Old jazzmen never die, they just keep on making fine music. Recent recordings by septuagenarian Oliver Jones and octogenarian Dick Hyman are just two examples of the truth of that aphorism. And now with the release of Guided Tour, the second album from The New Gary Burton Quartet, comes still another example.
Burton, at a mere 70, is a comparative youngster. More importantly, he plays like he’s in his prime. If he lacks anything in stamina and dexterity, which I doubt, he more than makes up for it with the wisdom of experience. This master of the vibraphone has played with the likes of Chick Corea, Pat Methany, Astor Piazzolla, and Larry Coryell, among others. He has spent 30 years in jazz education at the prestigious Berklee College of Music. He has had a long and productive career and luckily for jazz lovers, he is not ready to hang up his mallets.
The new ensemble features youth in the person of guitar sensation Julian Lage combined with experience in veterans Scott Colley on bass and Antonio Sanchez on drums. It is, Burton exclaims, “a coming together of ‘simpatico’ creative minds... if even one player is not an equal part of the combination, it doesn’t achieve that magical state.” Musicians may be excellent individually, but they don’t always mesh as an ensemble. There is magic in the music of The New Gary Burton Quartet.
Eight of the 10 tracks on Guided Tour are original compositions by members of the band. They open with Sanchez’s Latin-flavored “Caminos,” which focuses on Burton’s vibes as well as the composer’s drums. His quirky take-off on Thelonious Monk, “Monk Fish,” closes the set. The title may well define the composer’s fishy intent which is so deftly carried out in performance.
Lage contributes three pieces. “Sunday’s Uncle” has passages where it almost seems as if the guitar and the vibes are at war with each other.
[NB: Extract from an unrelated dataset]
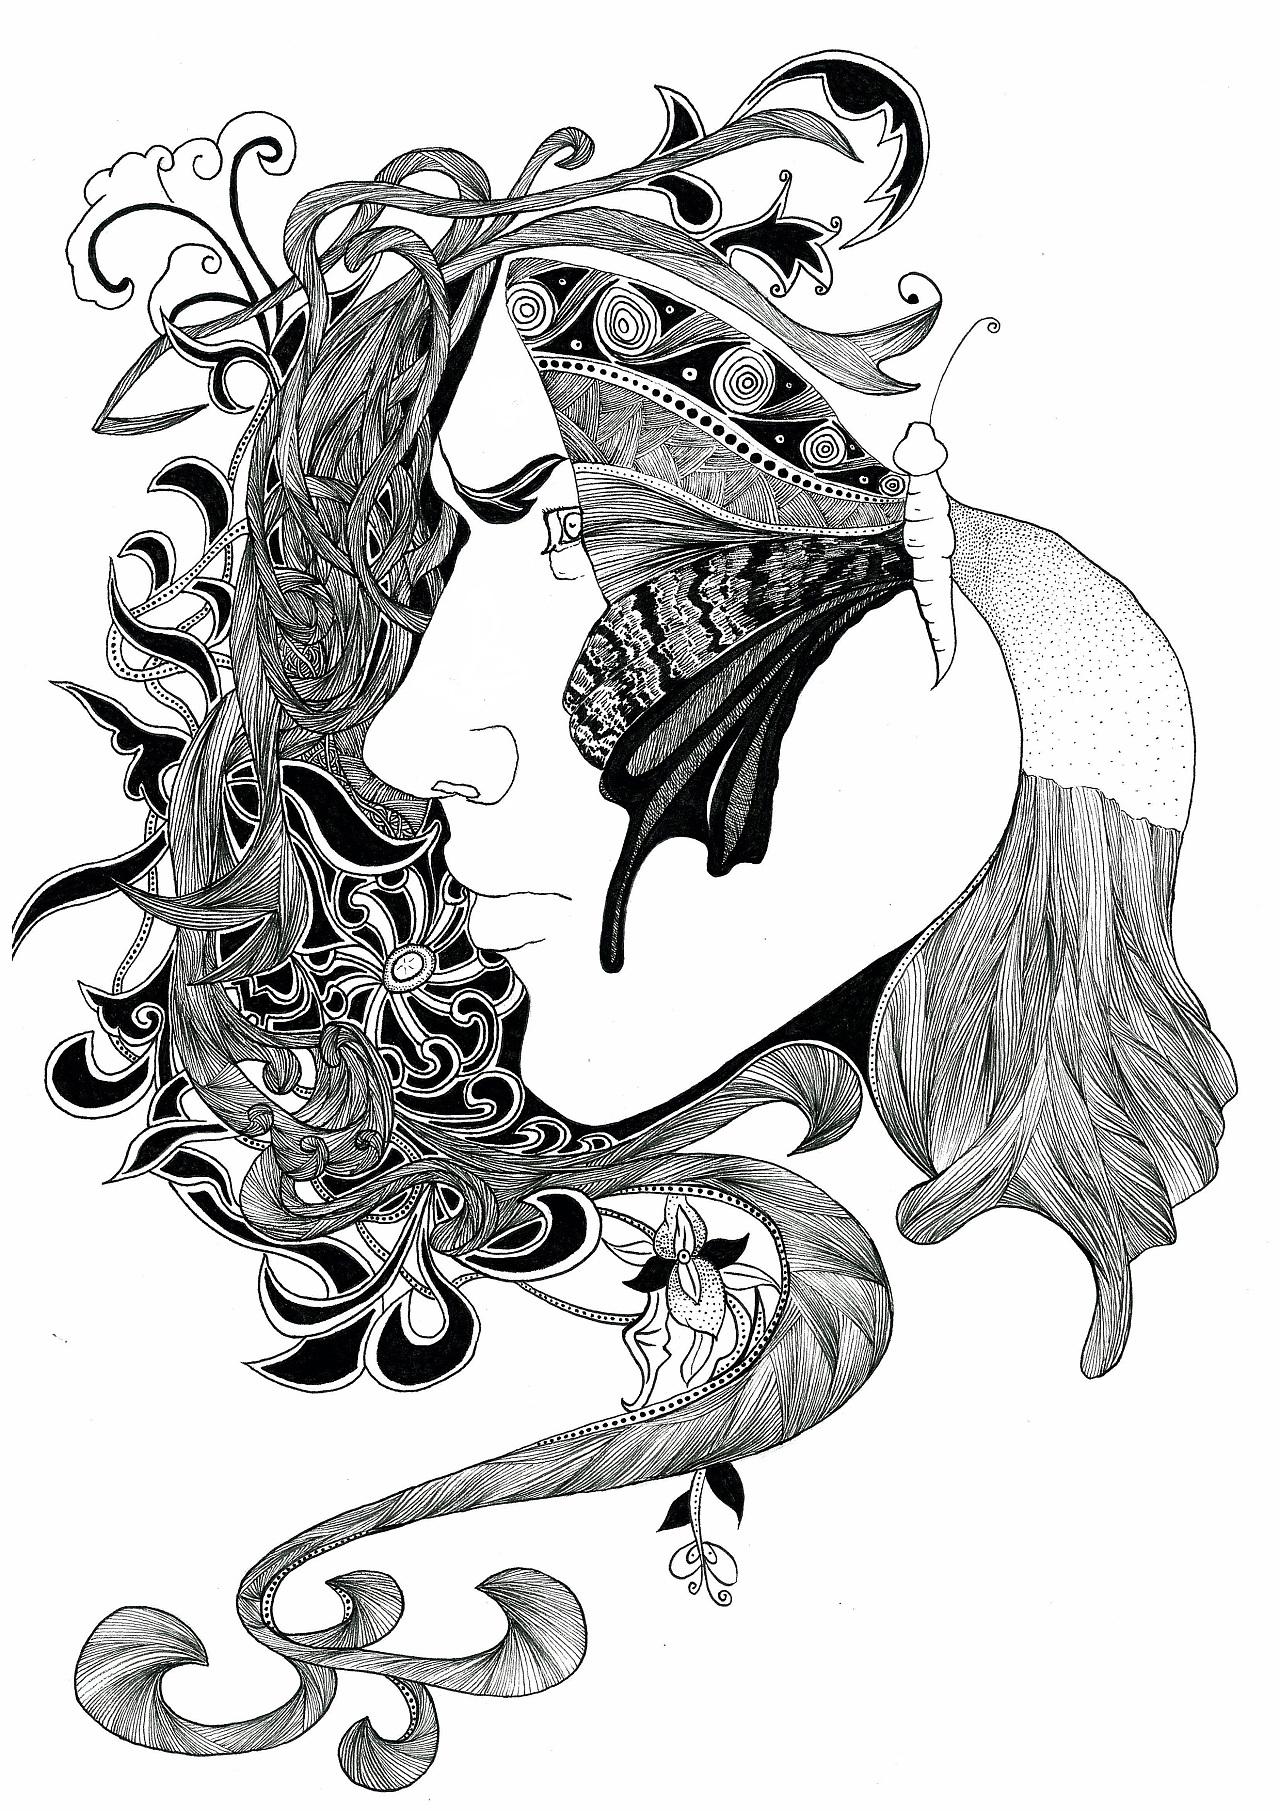 黑白手绘线条画_黑白装饰画|插画|商业插画|YE00007655 - 原创作品 - 站酷 (ZCOOL)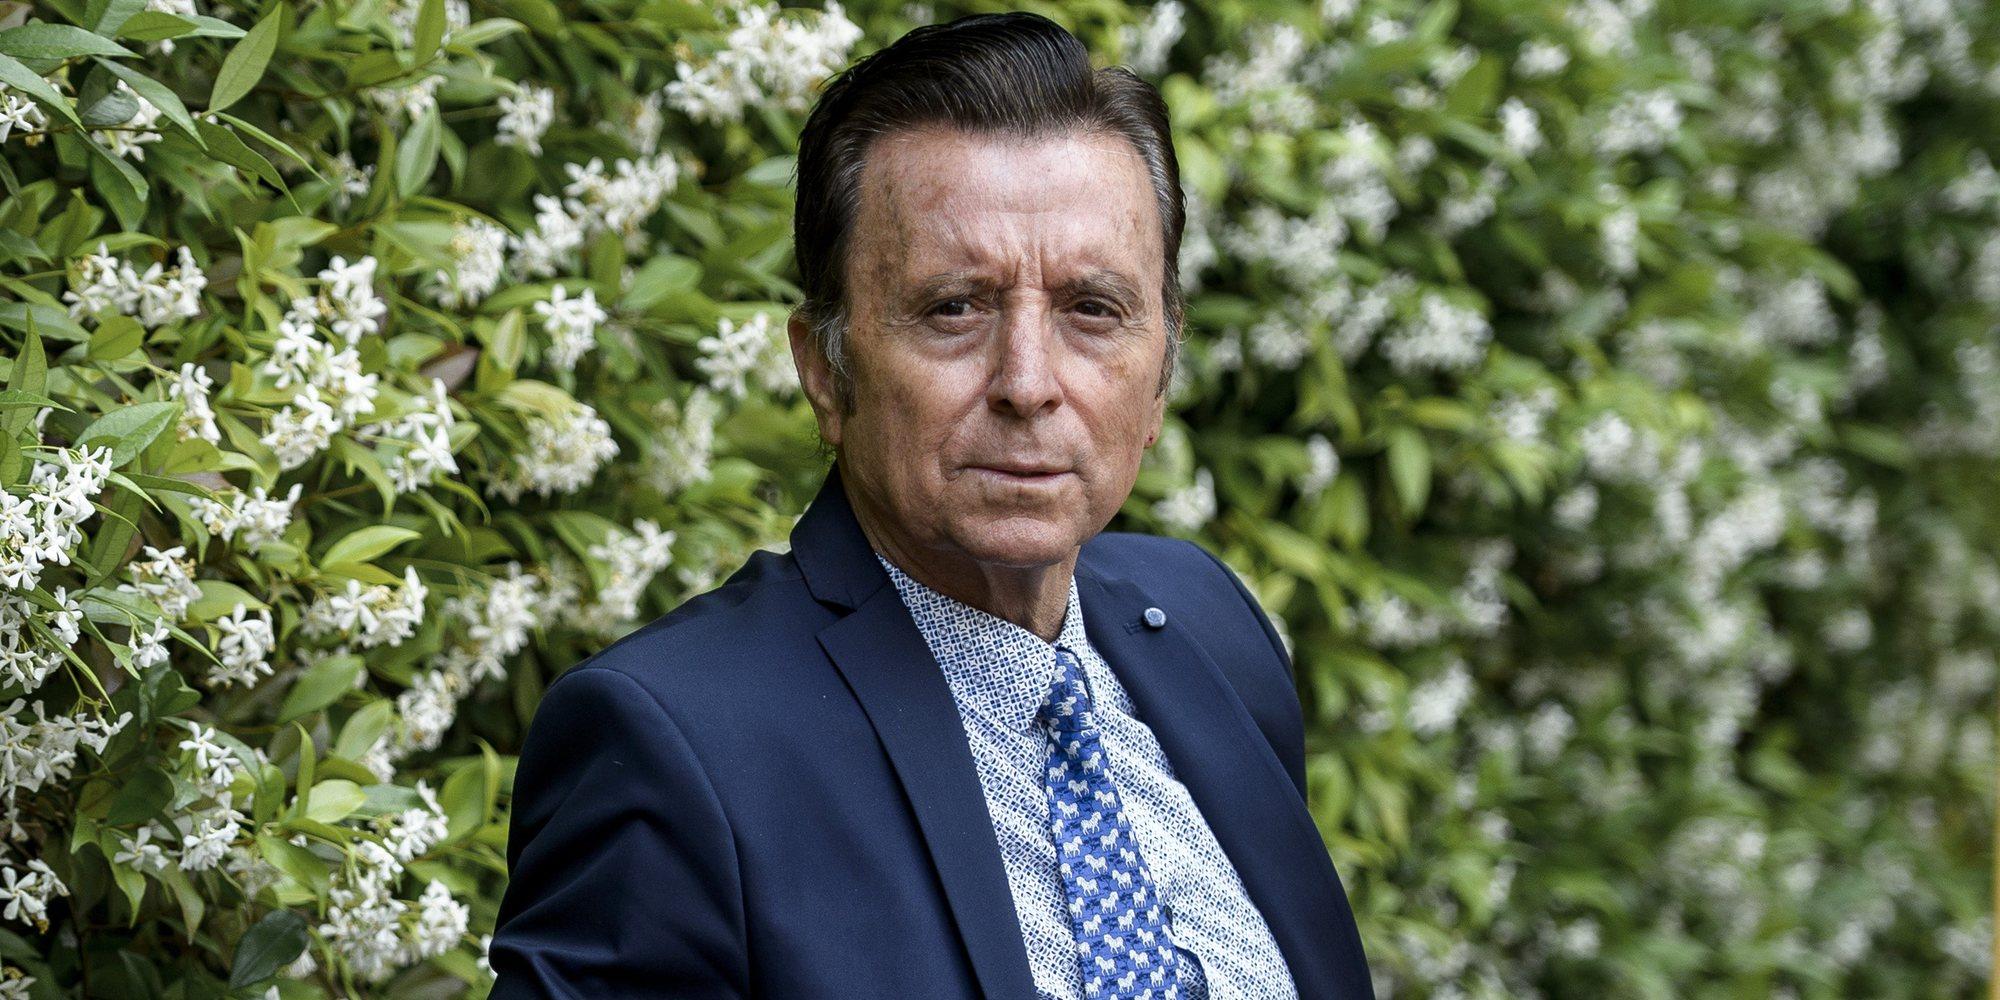 La razón de la tristeza de José Ortega Cano en el día de su boda con Ana María Aldón

Always in the background there is the persistence of Sanchez on the drums. His “Helena” plays with classic Spanish ideas translated with modern jazz rhythms. “The Lookout” has an almost modernist tone in its harmonies.
Bassist Colley’s contribution is “Legacy,” a ballad written for his father, which fittingly opens with the bass. Burton adds “Jane Fonda Called Again,” a tune he calls a jazz waltz, and “Remembering Tano.” The latter is a tango shout out to Astor Piazzolla. The Michel Legrand ballad “Once Upon a Summertime” develops as a fantasia for guitar and vibraphone, and the jumping “Jackalope” rounds out the album.
If this album is any indication, 70 may well be the new 50… maybe even the new 40.